Bicycle Transportation Plan
In crafting those pedestrian plans, the city is expected to lean into what made its bicycle infrastructure planning so successful, and also continue implementing the bike improvements.
“The purpose of this plan is to create a network of routes — rather than just discreet lanes, discreet facilities — that allows our residents and our users to be able to go north-south-east-west,” Calvert said, “and move from employment centers to commercial centers to residential centers with a connected network of bicycle facilities.”
Though the full transportation plan, which was crafted in 2012, has not been implemented, the pieces of it that have have “in our opinion, worked effectively” Calvert said. These pieces include dedicated bike pathways such as the Glendale Narrows Riverwalk and the “sharrows” that delineate bike lanes that share roadways with vehicles.
Calvert pointed out that 2012 was a peak year for bike collisions in Glendale.

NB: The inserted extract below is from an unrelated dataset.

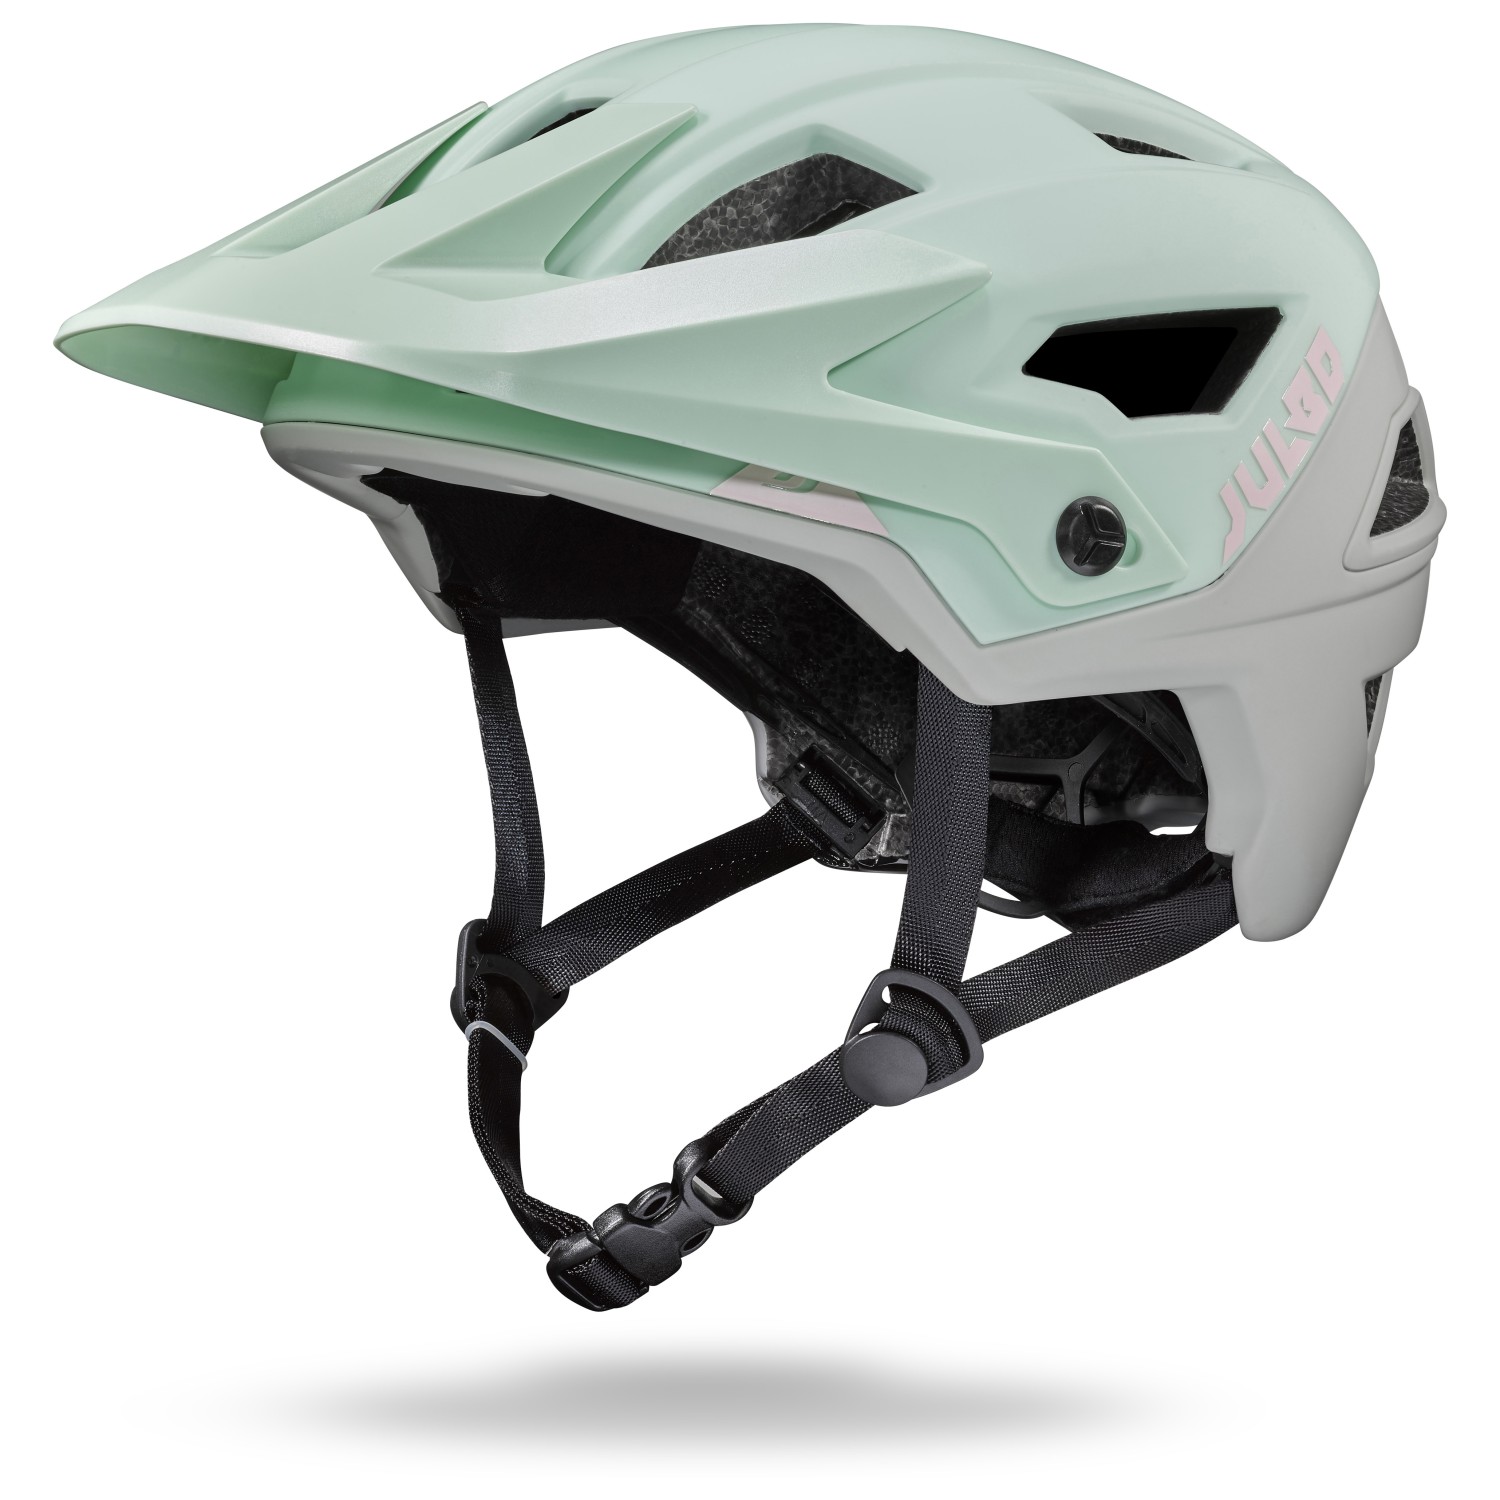 Велосипедный шлем Julbo Rock, цвет Mint/Grey шлем велосипедный stern зеленый размер 52 56

“We have seen a steady decline since then,” he said. “Granted, 2019 went up slightly compared to 2018, but was still below 2017 — really, below every year’s level with the exception of 2018. We do believe that the work that was put forth in that plan…has done what it’s intended to do.”
The age of the plan will necessitate updates to certain facets, but Calvert said those would happen when funding and time became available for the individual projects. It was clear from council comments that the sharrows would have to be rethought.
“It might have been good at the time, but it’s really out of date and not what a city like Glendale deserves,” Councilman Dan Brotman said. “We’ve got, what, 60% of our infrastructure right now as sharrows? I strongly feel sharrows on high-speed roads are not bicycle infrastructure. It’s extremely dangerous riding down those roads, sharrow or no sharrow.”
Added Councilman Ardy Kassakhian: “I don’t want to seem Pollyannaish and think we’re going to live in a culture like Denmark where we’re going to have more bikes than cars. I think we’re maybe a ways away from that but we can certainly make the bicyclists that we have now much safer. Sharrows seem to be a target marker for some drivers, unfortunately.”